Daniil Raschupkin on September 13, 2019

See code here

Sitecore extensively uses full text search and supports several search engines out of the box Some of them are essential for Sitecore operation (like Solr or Azure Search). Some can be integrated and used only for client side search (Coveo is the most popular among them). However, in the cases when a customer has specific requirements to search, the existing solutions will not fit. In these cases you will do a custom search engine integration.

There are plenty of alternative search engines (Epoq, Algolia, SearchBlox, Cludo, Amazon CloudSearch, SwiftType, Sajari, Prediggo etc), which operate in the cloud and on-premise, with different capabilities and pricing options. What’s common for them, is that they provide more business value for your customer and that is why we need them.

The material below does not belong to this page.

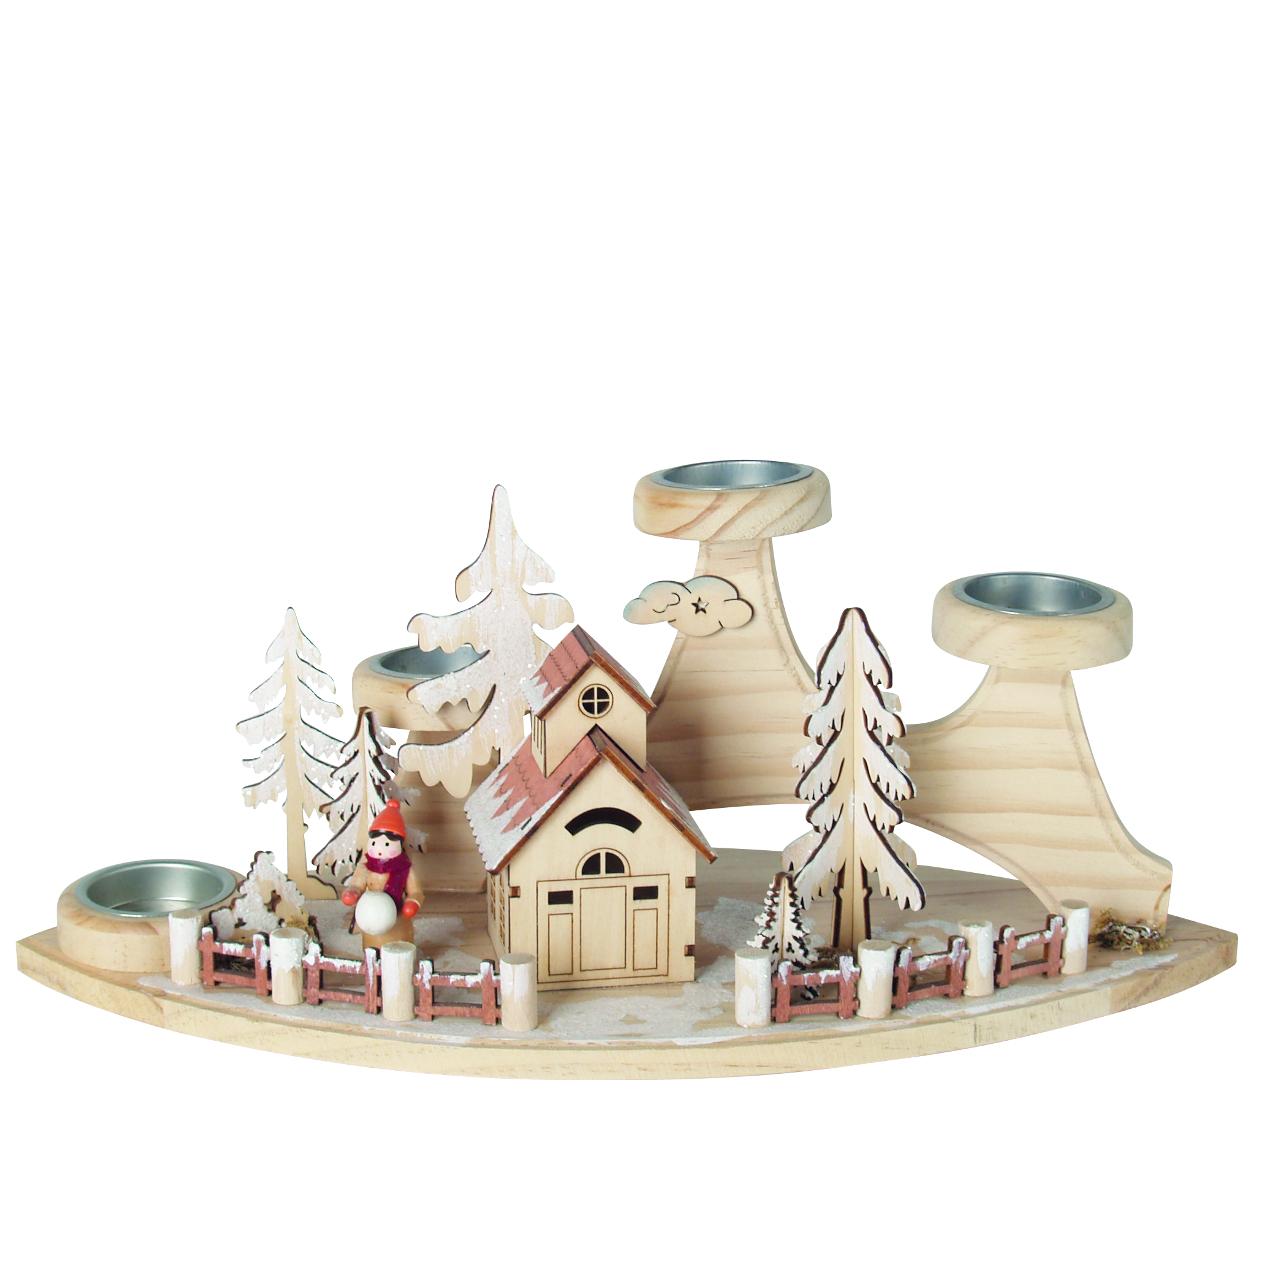 Teelichthalter haus in winterlandschaft holz natur - Winterlandschaft deko ...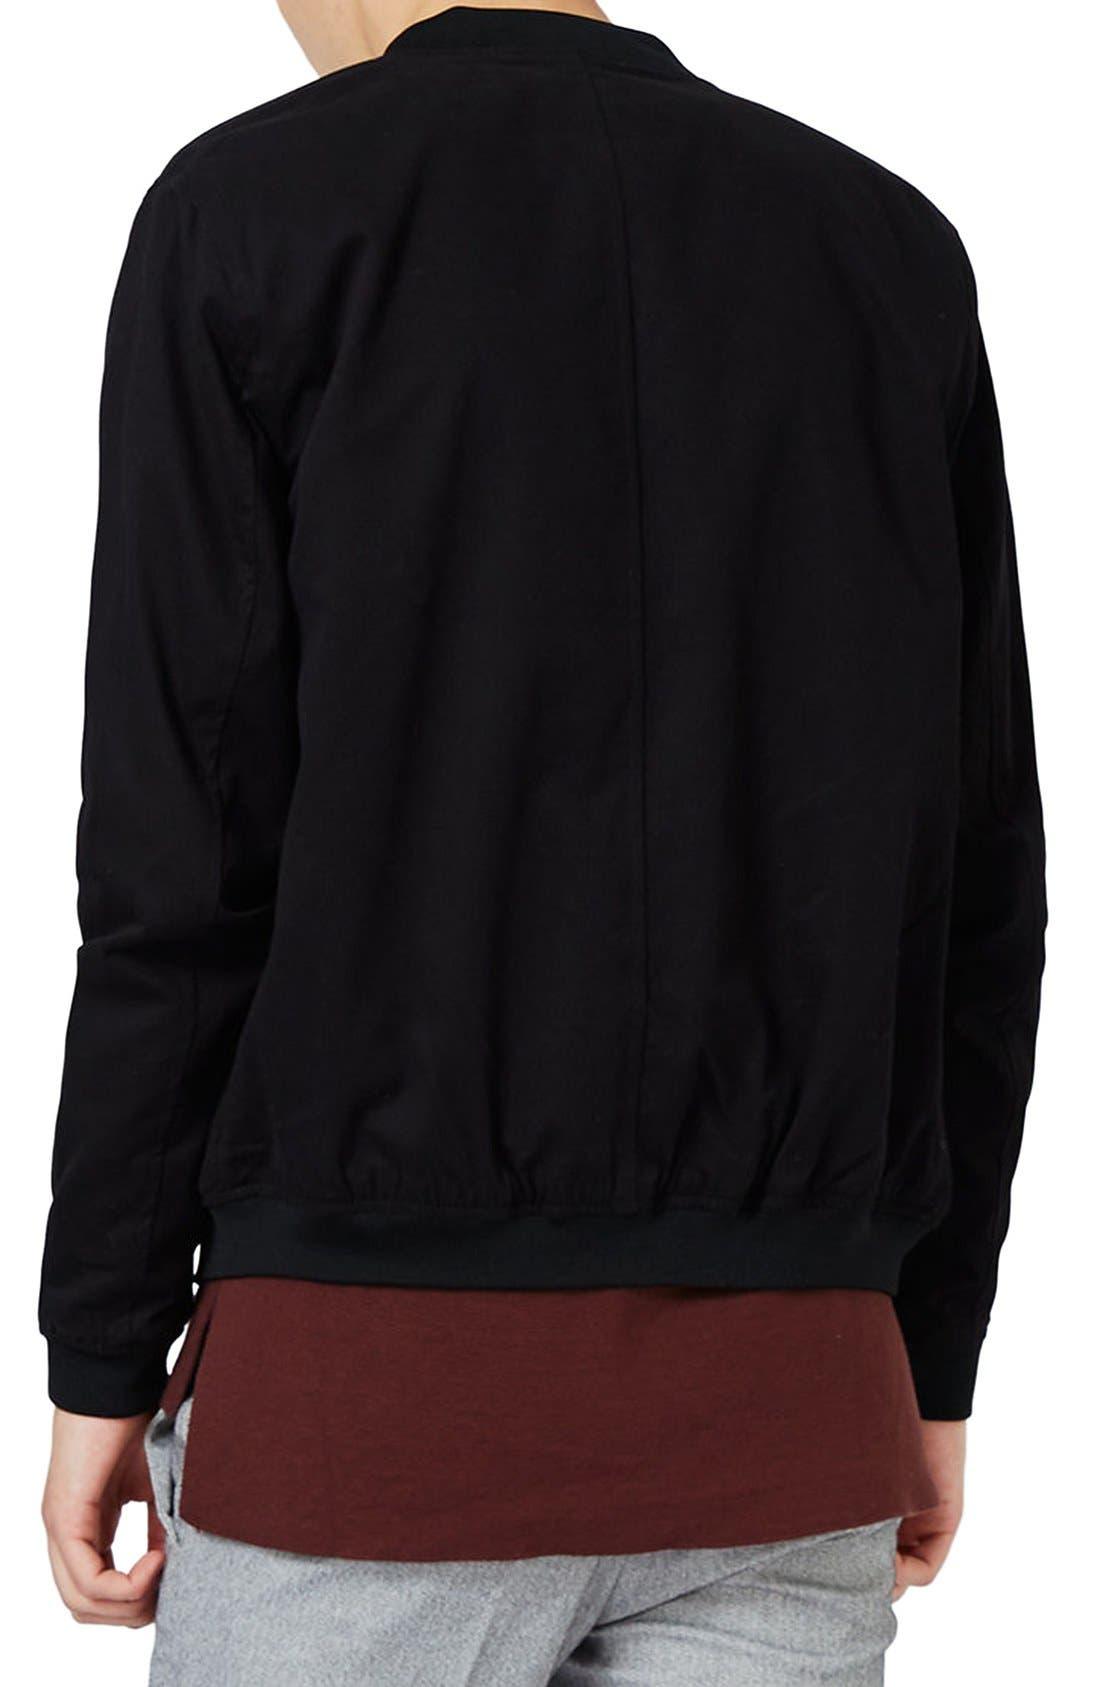 Cotton Bomber Jacket,                             Alternate thumbnail 3, color,                             Black

I had a chance to work with Algolia search engine and can say safely that it’s a great tool for building full text search. Key Algolia search features are:

  • instant search
  • global language support
  • typo-tolerance
  • highlighting
  • faceting
  • synonyms
  • geo-awareness
  • personalization
  • analytics

Algolia also provides a .NET client library for indexing and a JS library which allows building rich search UI with all modern search features. The most important thing is that Algolia search works really fast and delivers search results within milliseconds.

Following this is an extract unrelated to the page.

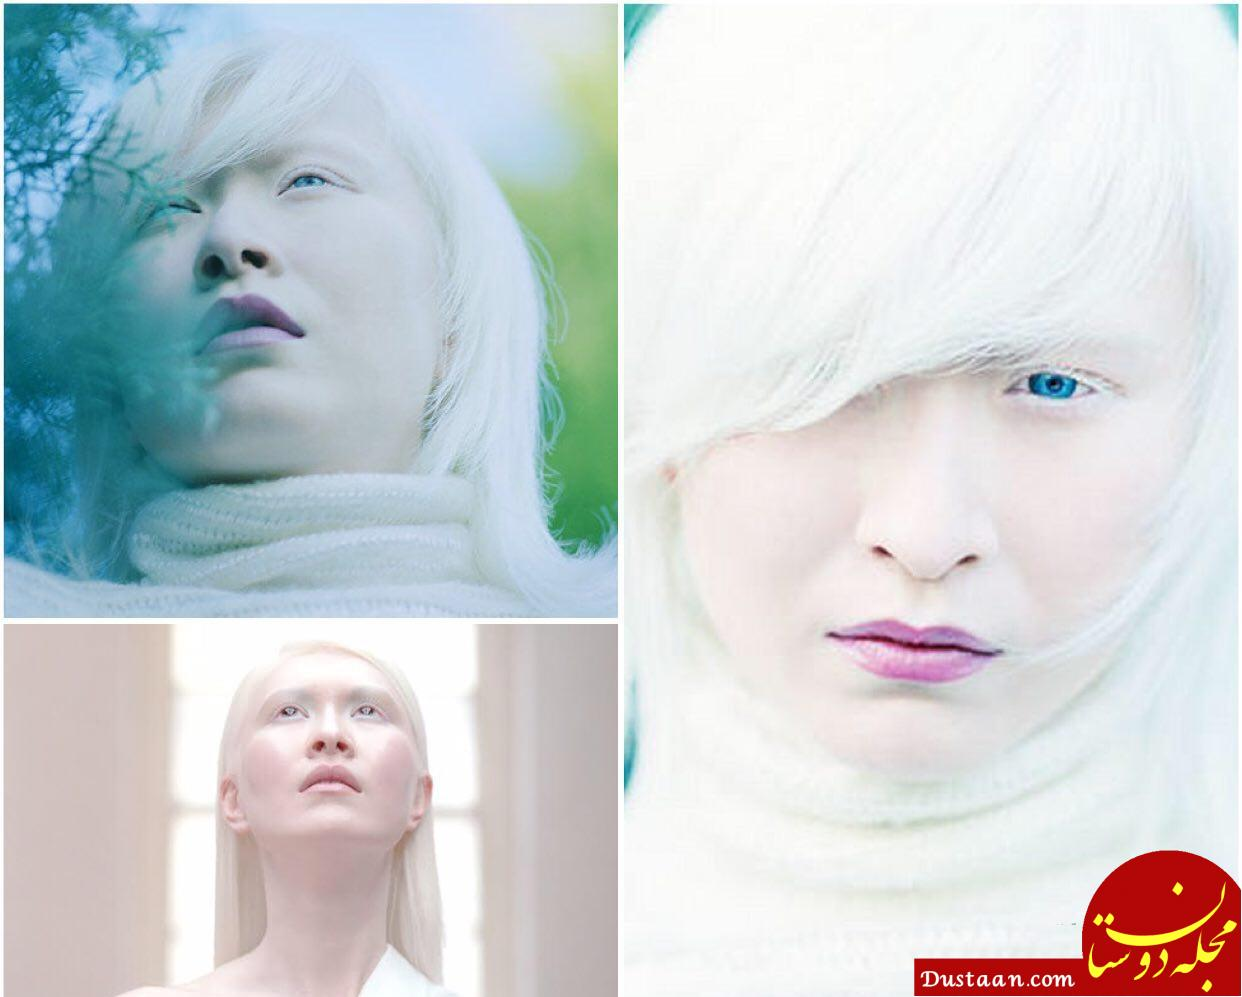 www.dustaan.com دختری زیبا با پوستی سفید و خیره کننده! +عکس

There are two things a developer needs to do - index data on backend and enable search UI on the frontend. A front-end developer should start with reading “Building search UI” section of Algolia’s manuals, which are very detailed.

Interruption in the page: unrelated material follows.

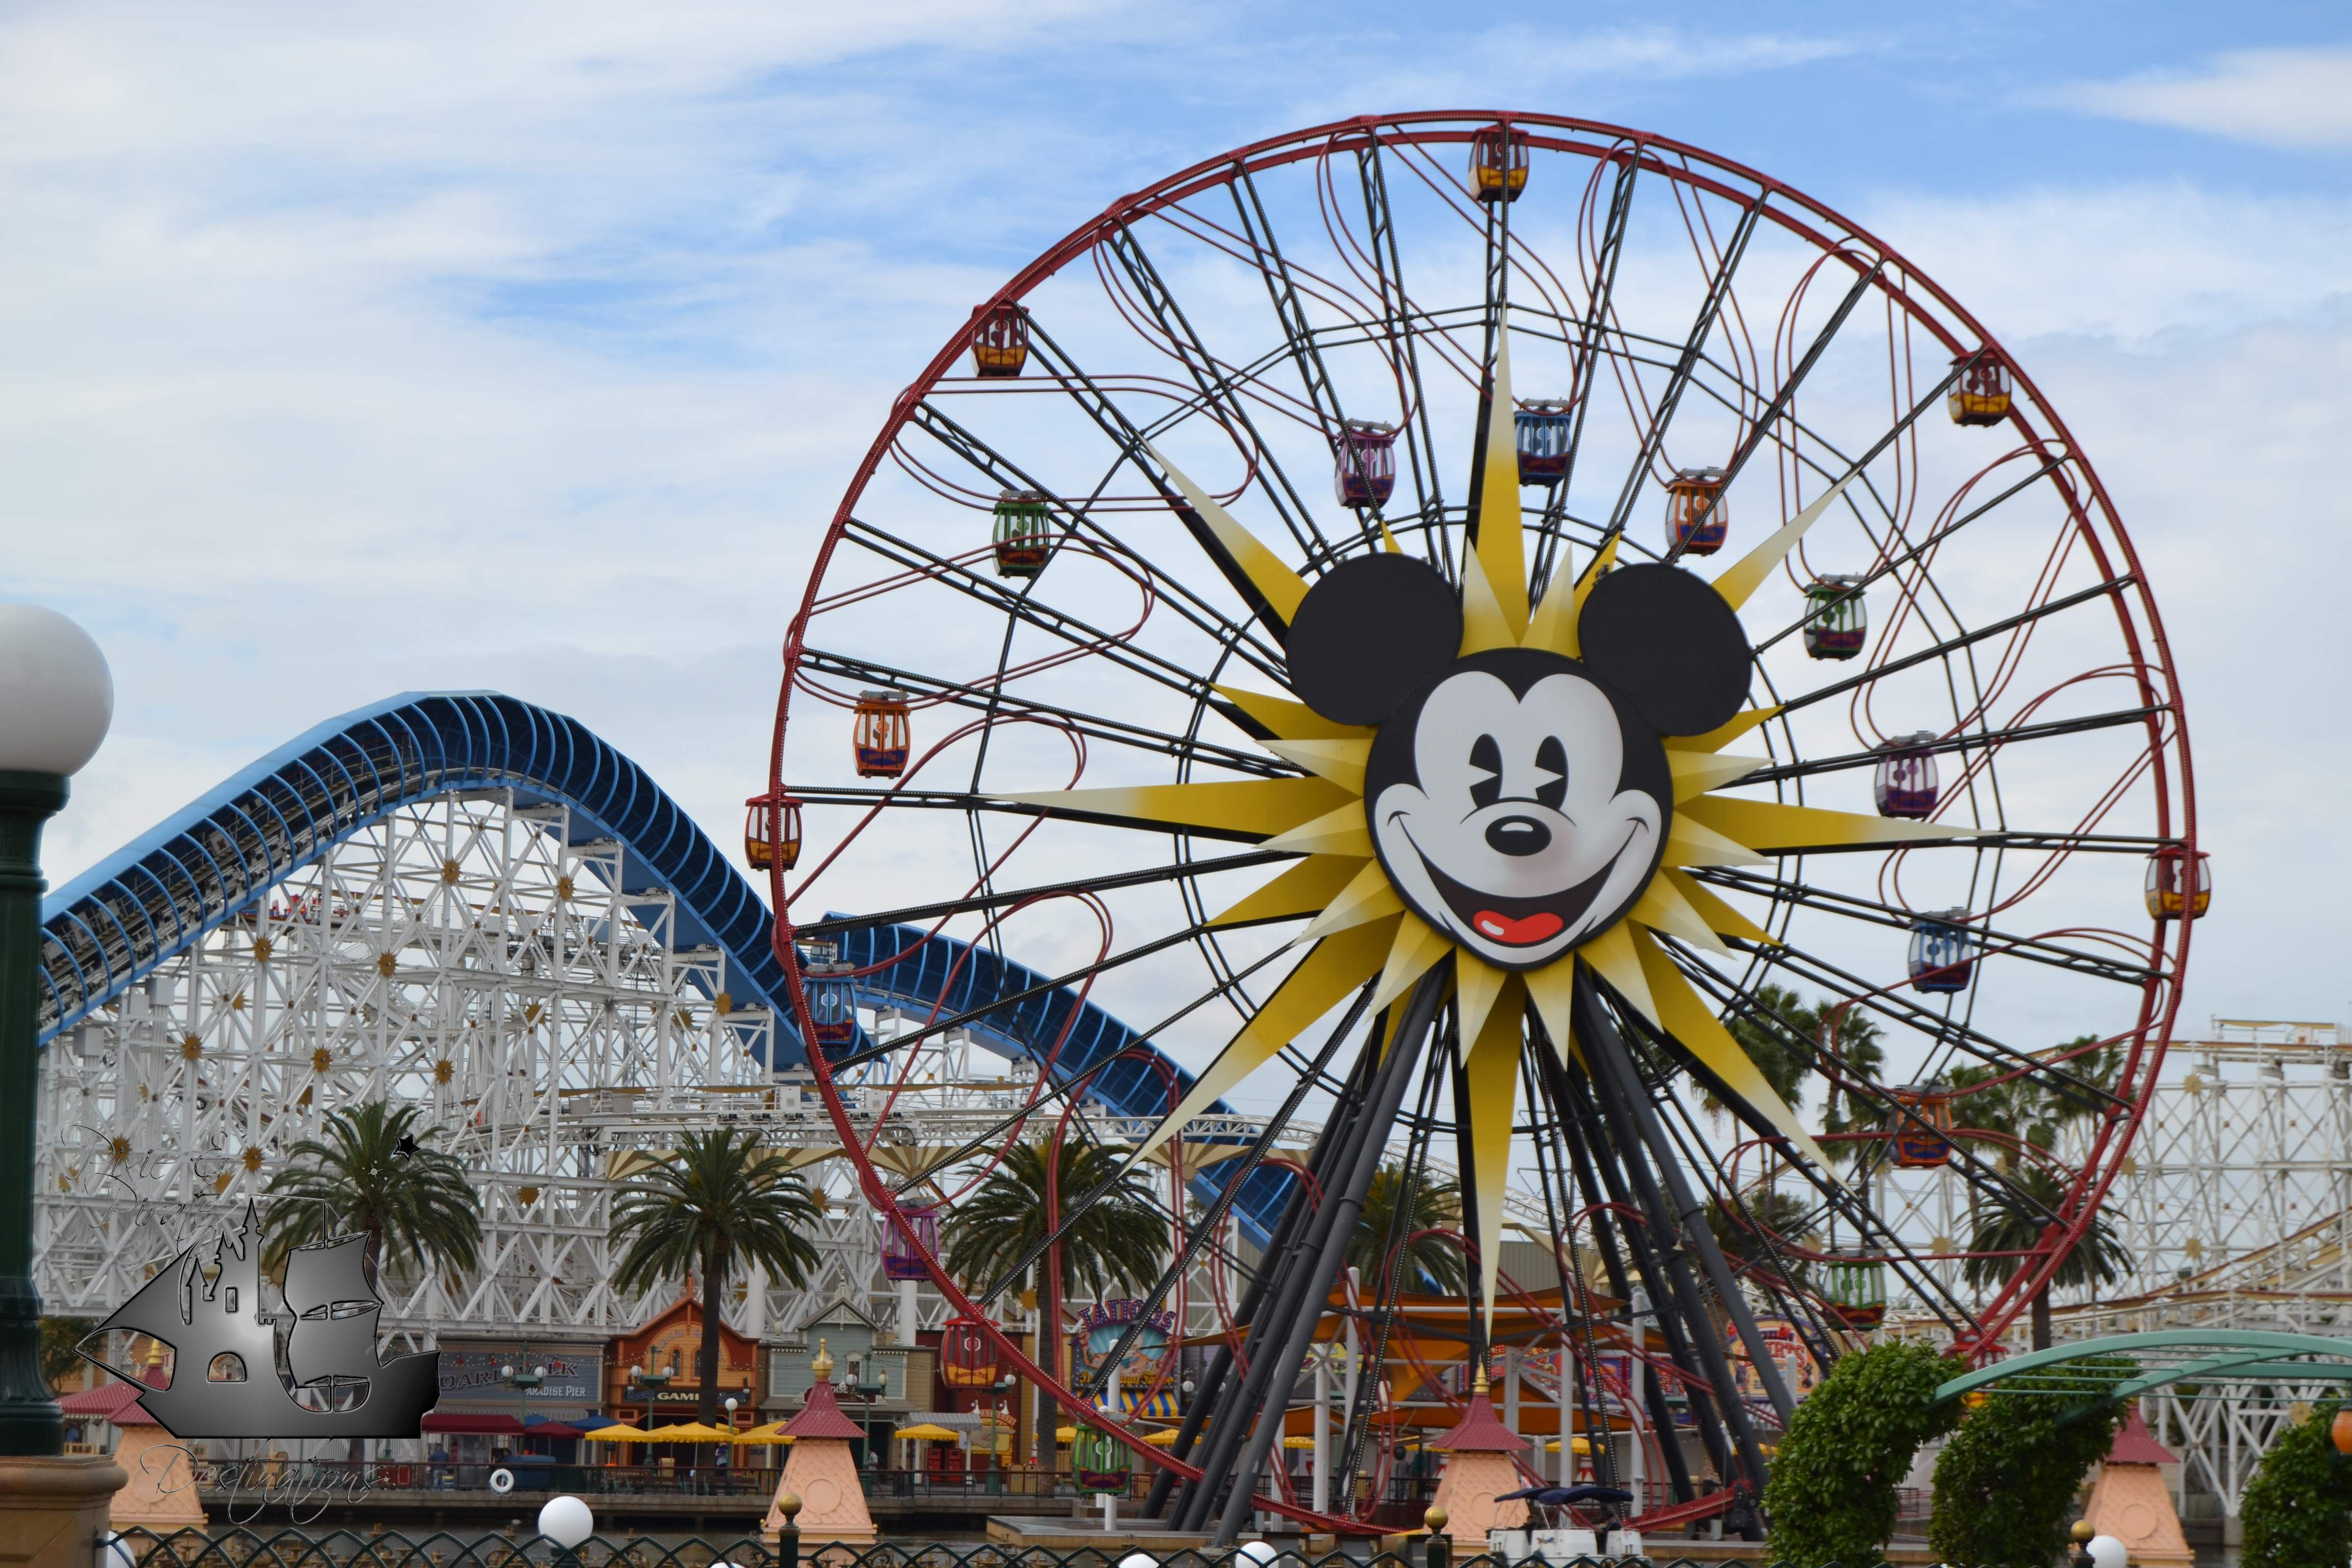 Disneyland In California Is Celebrating A Diamond

A backend developer will need to come up with his own solution find a sample solution here. He needs to find answers to several important questions about indexing data:

  • What to index?
  • When to index?
  • How to delete?
  • How to update?

We need some kind of a crawler that will extract data from specific items following certain rules. We also need to include paths, exclude templates, convert Sitecore field values.

Finally, we need to decide when we need to react on a data change, whether it is crucial to have indexes up to date, as well as, which Sitecore events, agents, tasks we need in order to get the best possible index update process. We should also prepare for handling item deletion and collecting multiple small updates into batches.

Usually, deletion is more important for user experience - it’s ok if a page cannot be found right after publishing, but it is not acceptable to have broken links in search results.

Most likely, you will need to search in multiple languages and Algolia recommends to split your data into indexes per language to optimize index build time.

I want to share a simple example of the Algolia indexing implementation, based on:

  • A couple of Sitecore events as indexing triggers (publish:itemProcessed and item:deleted) (link)
  • Several Sitecore commands for manual actions (update index/reindex tree) (link)
  • Flexible custom crawler that will handle sitecore items according to configuration (link)
  • Indexing queue to form batches from a stream of small updates (link)

It will take some time and effort to build the indexing process exactly as needed for the customer, but the result will be worth it.